On June 30, the U.S. Justice Department said that the Department has decided not to take a position in the pending lawsuit Libertarian Party v District of Columbia Board of Elections, now pending in U.S. District Court in Washington, D.C. The case challenges the practice of the Board of Elections to not count votes for presidential candidates who are not on the ballot in November, but who do file a declaration of write-in candidacy.
Bob Barr had filed a declaration of write-in candidacy in 2008, along with the names of proposed candidates for Presidential Elector. The Board says it takes too much cost and bother to count such votes. The U.S. District Court Judge handling the case had invited the Department of Justice to express its opinion, but the Department’s letter of July 30 says, “After due consideration of the issues, the Department and the United States Attorney’s Office have decided not to take a position with respect to the pending litigation.”

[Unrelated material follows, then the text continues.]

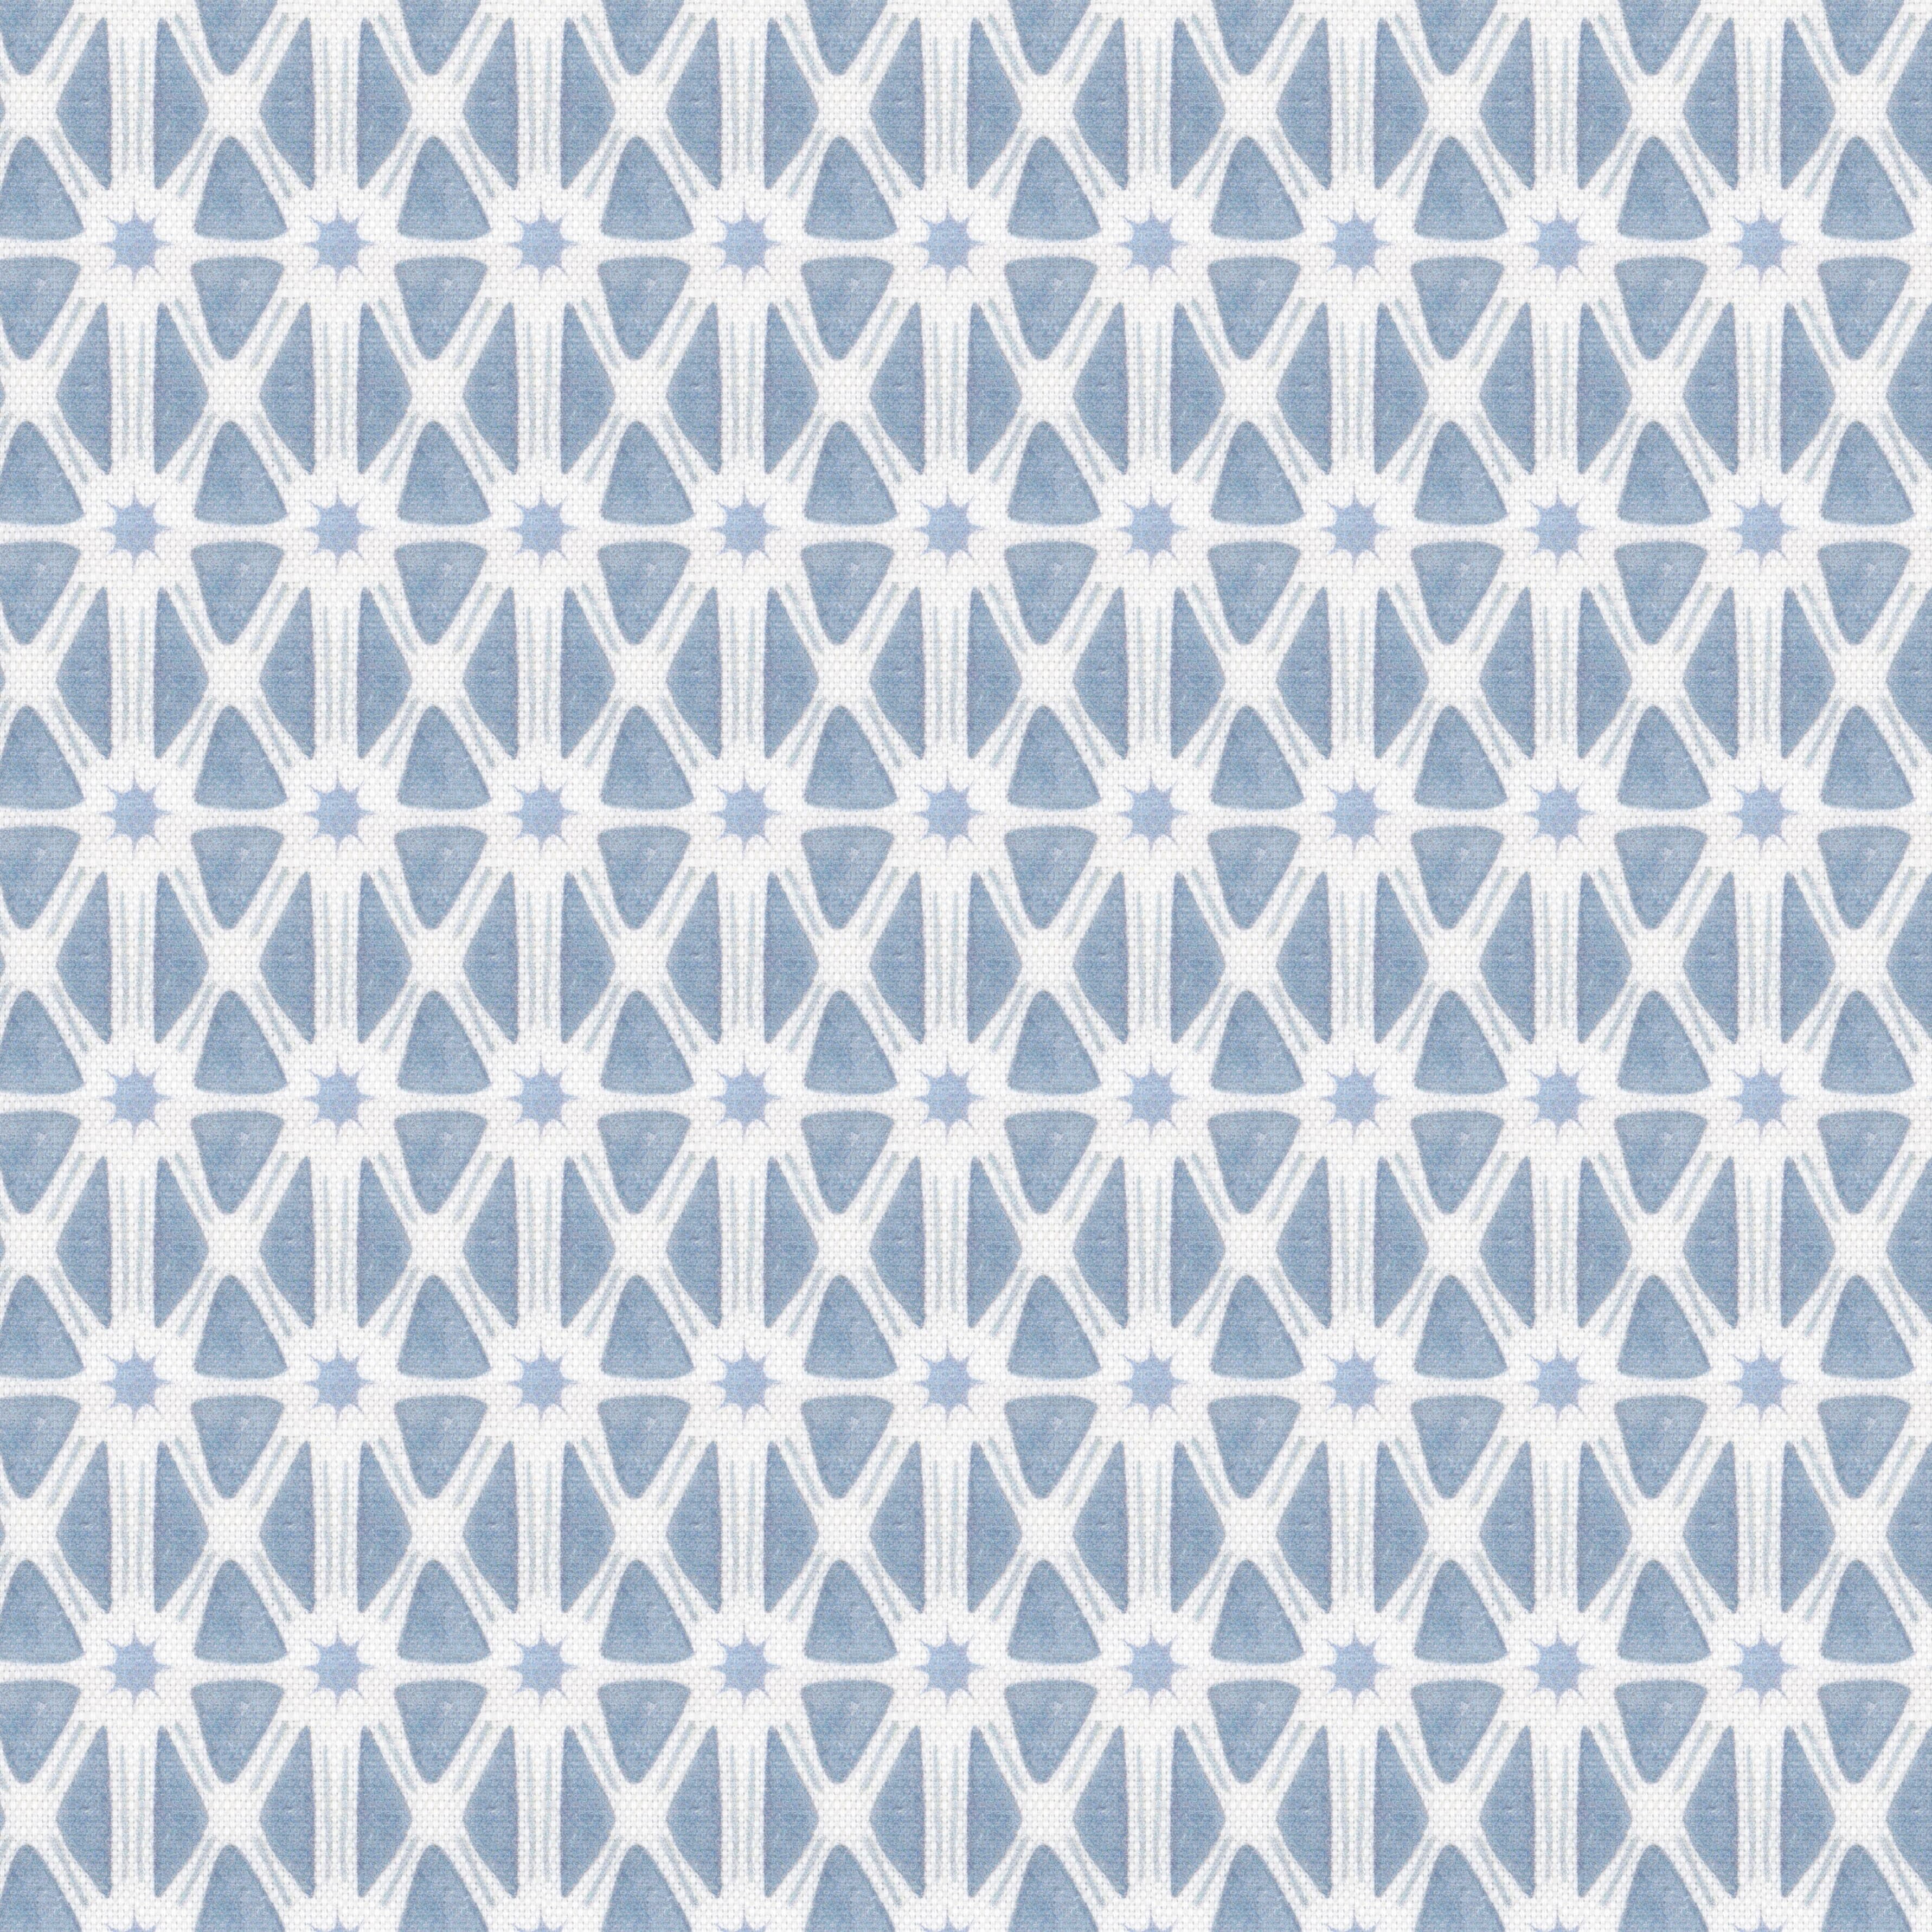 7847 Triangle Stars 2 Moonstone by Stout Fabric

The largest number of write-in votes ever cast in November for a presidential candidate was in California in 1976, when independent presidential candidate Eugene McCarthy polled 58,412 write-ins.
The District of Columbia was ordered to print write-in space on the ballot for President in 1975, in a case called Kamins v D.C. Board of Elections, in the District’s highest court (not a federal court). That case had been filed in 1972 by supporters of Dr. Benjamin Spock. Spock was the presidential nominee of the People’s Party in 1972, but he wasn’t on the ballot and his supporters sued so they could cast a write-in vote for him. They won the case, three years after they had filed it. Ever since 1975, the Board of Elections has printed write-in space on the ballot for President, but it has never counted the write-ins, not even for presidential candidates who filed a write-in declaration of candidacy.
We really worked hard for those 58,412 write-in votes for Eugene J. McCarthy in the Golden State. Please see my previously printed comments below:
Phil Sawyer Says:
July 25th, 2010 at 7:44 am
To Jim Riley (#8): Steve Rankin (#9) is correct; the two largest parties have done that over and over again [utilized their elected power to discriminate against independent and/or “third party” candidatess].
Let me give you one example: In 1976, we (California) members of the Committee for a Constitutional Presidency/McCarthy ’76 were attempting to place Eugene J. McCarthy on the November ballot as an independent candidate for President of the United States. March Fong Eu, the Democratic Secretary of State for California at the time, did not get our petitions to us until quite some time after her office was legally required to do so. Then, the Secretary of State refused to extend our petitioning time. As a consequence of this blatantly unfair action, we did not obtain enough valid signatures and Gene McCarthy had to run as a write-in candidate in November. An interesting sidepiece is that McCarthy was pulling an unsoliticed 10% write-in vote during certain polling periods in California that year. Is there a connection? Of course there is. But hey, I just purchased Jesse Ventura’s “American Conspiracies” yesterday (I also own his first three books in hard bound edition) – so call me long-time paranoid if you wish.
Phil Sawyer Says:
July 25th, 2010 at 9:55 am
Actually, I should have written Jesse Ventura’s (with Dick Russell) “American Conspiracies” …; it was not my intention to slight Mr. Russell.
By not taking a position they are actually taking a position against.